+++ Materials provided +++
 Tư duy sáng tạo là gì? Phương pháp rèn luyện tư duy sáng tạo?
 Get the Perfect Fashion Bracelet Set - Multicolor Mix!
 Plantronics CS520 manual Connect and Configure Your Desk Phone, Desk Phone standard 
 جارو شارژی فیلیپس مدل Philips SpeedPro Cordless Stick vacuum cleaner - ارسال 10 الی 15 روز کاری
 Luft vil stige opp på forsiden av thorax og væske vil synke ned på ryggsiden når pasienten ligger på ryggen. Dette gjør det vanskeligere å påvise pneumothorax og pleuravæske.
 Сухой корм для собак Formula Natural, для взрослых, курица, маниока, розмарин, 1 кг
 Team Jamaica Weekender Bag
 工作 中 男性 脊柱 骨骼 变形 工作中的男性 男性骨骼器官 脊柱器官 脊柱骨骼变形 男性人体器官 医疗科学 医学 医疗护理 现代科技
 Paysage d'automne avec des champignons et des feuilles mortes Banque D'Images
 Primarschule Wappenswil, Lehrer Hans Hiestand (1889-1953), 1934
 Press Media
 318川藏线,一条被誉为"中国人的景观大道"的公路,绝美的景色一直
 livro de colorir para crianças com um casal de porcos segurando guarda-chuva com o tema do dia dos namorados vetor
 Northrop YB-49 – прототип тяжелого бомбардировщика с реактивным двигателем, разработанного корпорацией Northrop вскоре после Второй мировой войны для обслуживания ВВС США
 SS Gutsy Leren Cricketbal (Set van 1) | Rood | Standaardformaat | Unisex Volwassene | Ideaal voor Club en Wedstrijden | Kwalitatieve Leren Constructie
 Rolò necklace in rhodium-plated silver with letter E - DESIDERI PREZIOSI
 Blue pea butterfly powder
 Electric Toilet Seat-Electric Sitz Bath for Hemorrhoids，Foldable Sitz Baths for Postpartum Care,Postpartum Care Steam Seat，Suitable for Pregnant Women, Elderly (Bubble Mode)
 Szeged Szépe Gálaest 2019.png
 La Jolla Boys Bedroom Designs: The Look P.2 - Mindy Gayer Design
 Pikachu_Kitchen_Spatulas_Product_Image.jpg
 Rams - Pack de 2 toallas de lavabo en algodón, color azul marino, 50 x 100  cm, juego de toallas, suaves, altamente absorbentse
+++
What is being asked —
Taking the entries above, write out exactly each line from the one holding "Luft vil stige" to the one holding "Blue pea butterfly powder", both included, and stop there.

Exercise response —
 Luft vil stige opp på forsiden av thorax og væske vil synke ned på ryggsiden når pasienten ligger på ryggen. Dette gjør det vanskeligere å påvise pneumothorax og pleuravæske.
 Сухой корм для собак Formula Natural, для взрослых, курица, маниока, розмарин, 1 кг
 Team Jamaica Weekender Bag
 工作 中 男性 脊柱 骨骼 变形 工作中的男性 男性骨骼器官 脊柱器官 脊柱骨骼变形 男性人体器官 医疗科学 医学 医疗护理 现代科技
 Paysage d'automne avec des champignons et des feuilles mortes Banque D'Images
 Primarschule Wappenswil, Lehrer Hans Hiestand (1889-1953), 1934
 Press Media
 318川藏线,一条被誉为"中国人的景观大道"的公路,绝美的景色一直
 livro de colorir para crianças com um casal de porcos segurando guarda-chuva com o tema do dia dos namorados vetor
 Northrop YB-49 – прототип тяжелого бомбардировщика с реактивным двигателем, разработанного корпорацией Northrop вскоре после Второй мировой войны для обслуживания ВВС США
 SS Gutsy Leren Cricketbal (Set van 1) | Rood | Standaardformaat | Unisex Volwassene | Ideaal voor Club en Wedstrijden | Kwalitatieve Leren Constructie
 Rolò necklace in rhodium-plated silver with letter E - DESIDERI PREZIOSI
 Blue pea butterfly powder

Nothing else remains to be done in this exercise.